On realizable Galois module classes and Steinitz classes of nonabelian extensions

Abstract

Let k be a number field and O k its ring of integers. Let Γ be a finite group, N / k a Galois extension with Galois group isomorphic to Γ, and O N the ring of integers of N. Let M be a maximal O k -order in the semisimple algebra k [ Γ ] containing O k [ Γ ] , and Cl ( M ) its locally free class group.
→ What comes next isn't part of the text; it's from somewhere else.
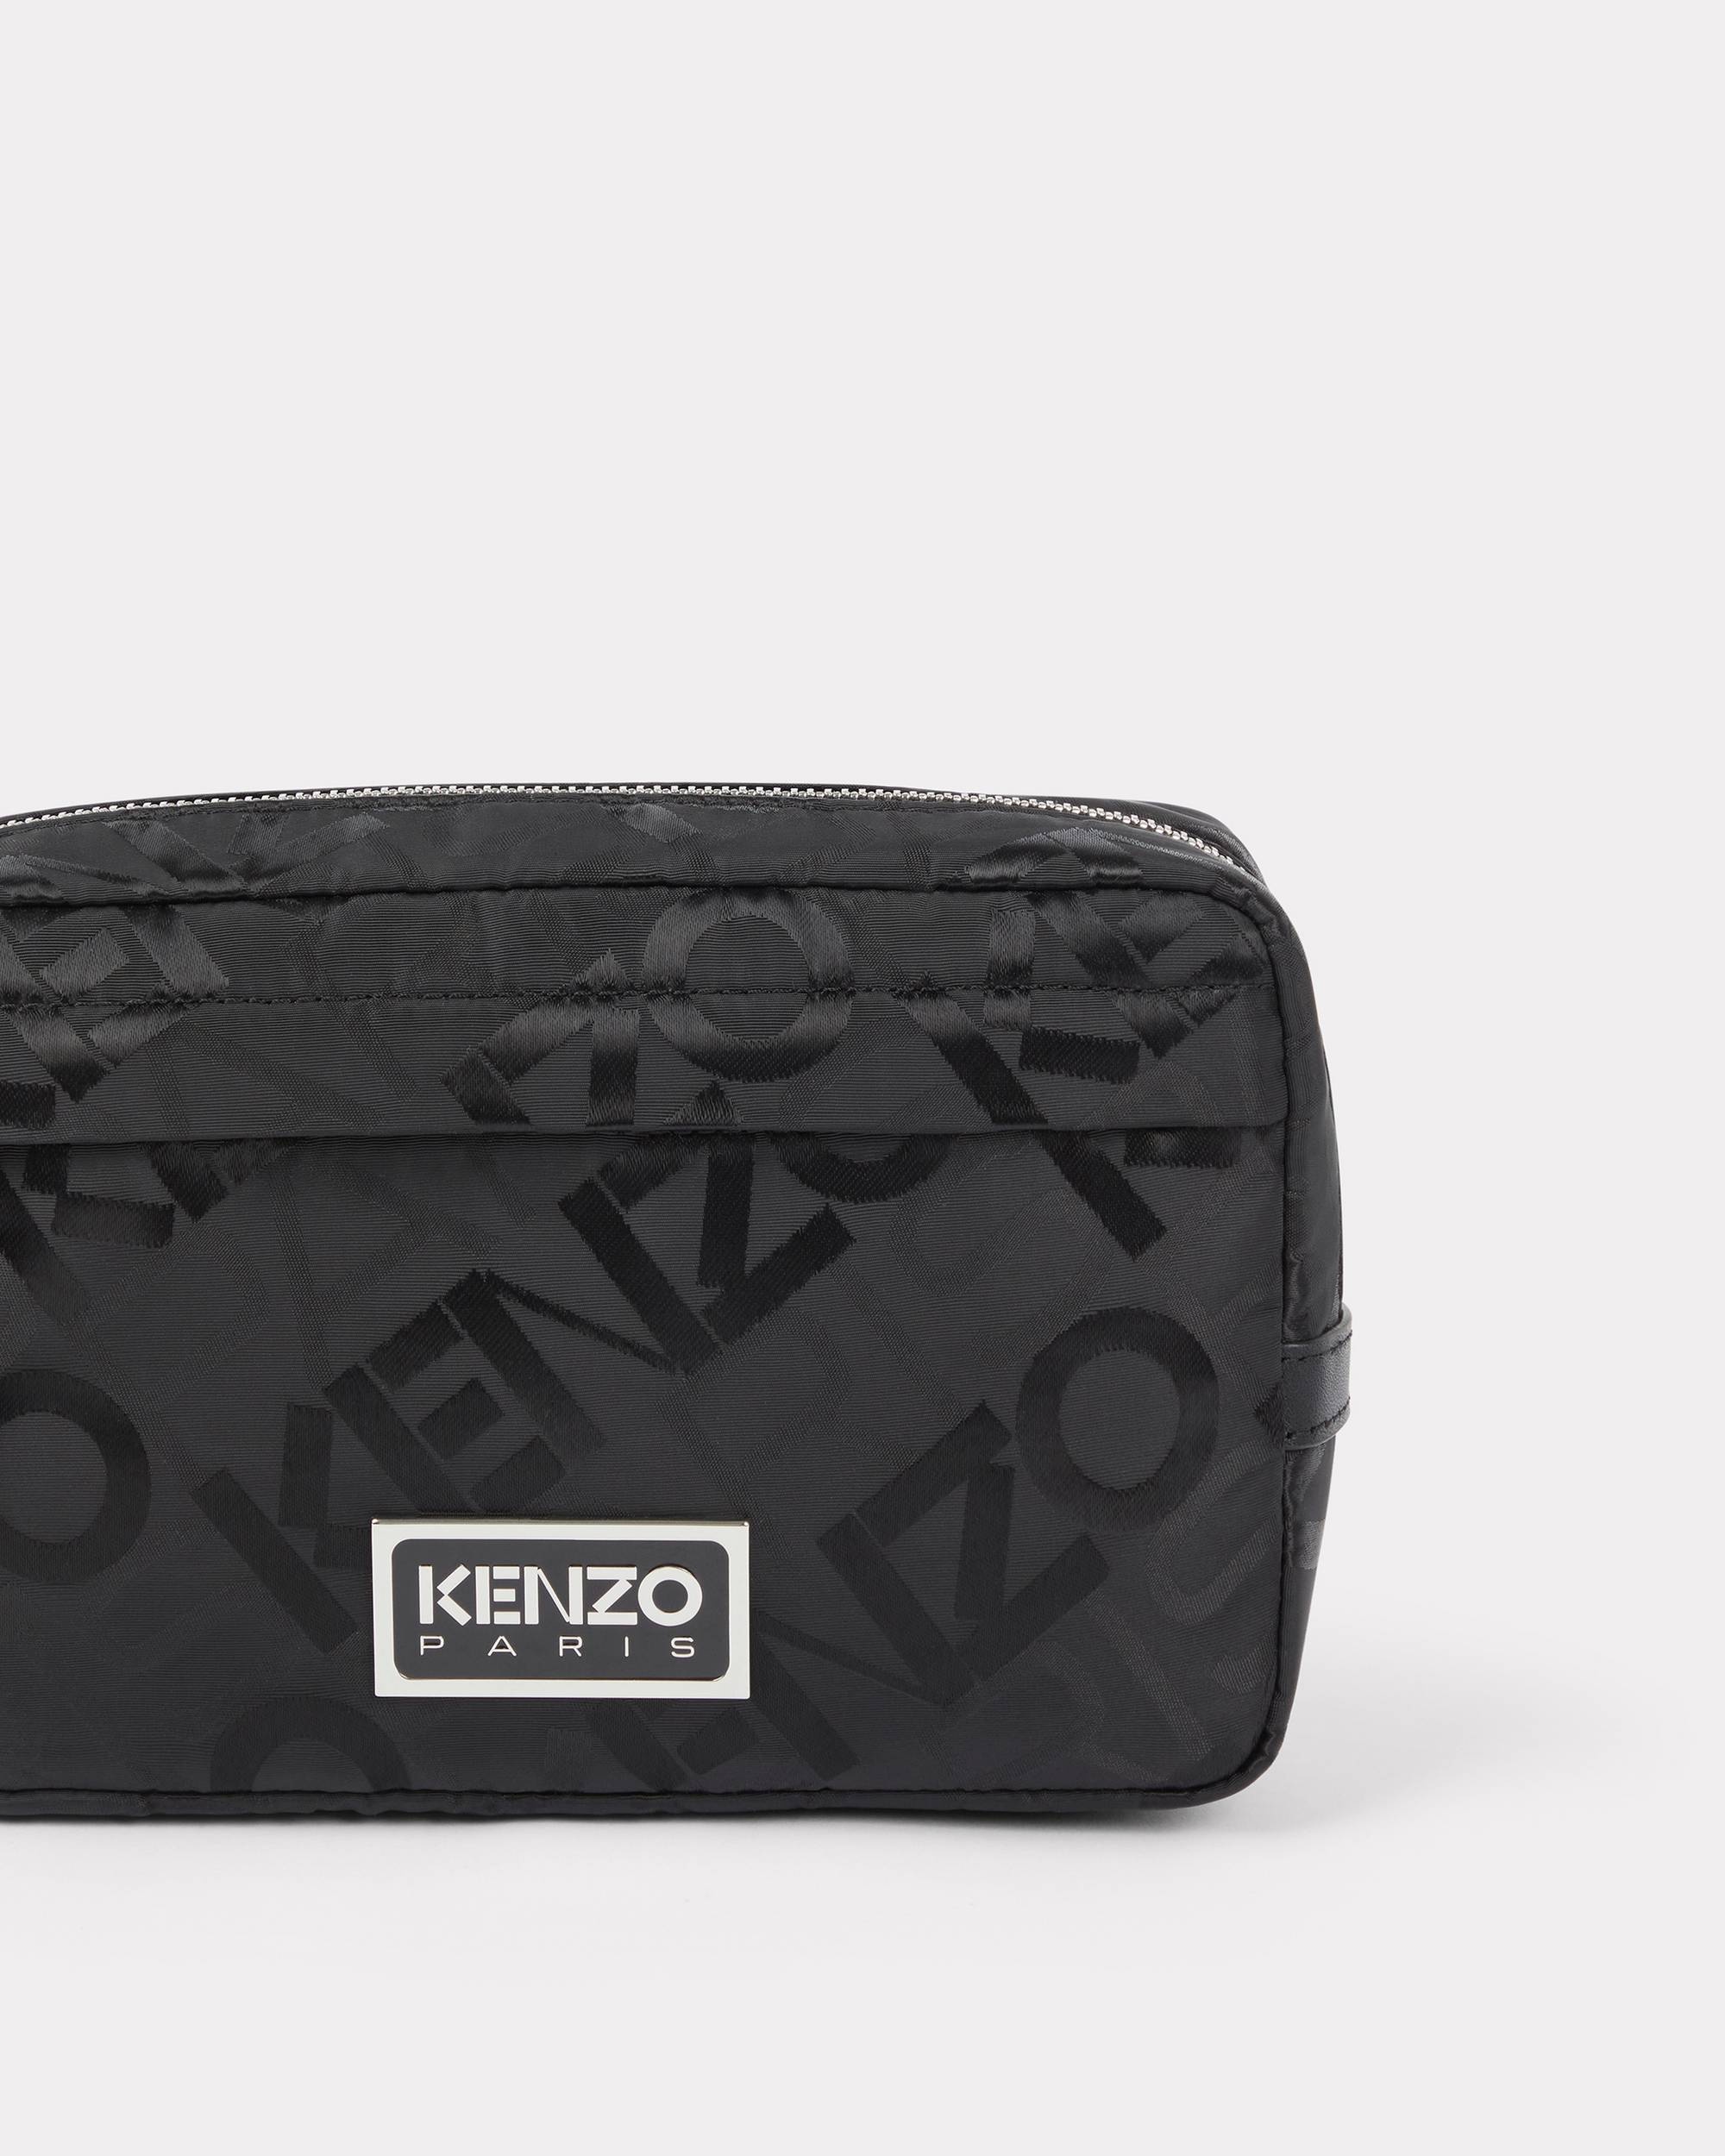 'KENZO Paris' belt bag - 3

When N / k is tame (i.e., at most tamely ramified), extension of scalars allows us to assign to O N the class of M ⊗ O k [ Γ ] O N , denoted [ M ⊗ O k [ Γ ] O N ] , in Cl ( M ) . We define the set R ( M ) of realizable classes to be the set of classes c ∈ Cl ( M ) such that there exists a Galois extension N / k which is tame, with Galois group isomorphic to Γ, and for which [ M ⊗ O k [ Γ ] O N ] = c . Let p be an odd prime number and let ξ p be a primitive pth root of unity. In the present article, we prove, by means of a fairly explicit description, that R ( M ) is a subgroup of Cl ( M ) when ξ p ∈ k and Γ = V ⋊ ρ C , where V is an F p -vector space of dimension r ⩾ 1 , C a cyclic group of order p r − 1 , and ρ a faithful representation of C in V; an example is the symmetric group S 3 . In the proof, we use some properties of a cyclic code and solve an embedding problem connected with Steinitz classes. In addition, we determine the set of Steinitz classes of tame Galois extensions of k, with the above group as Galois group, and prove that it is a subgroup of the class group of k.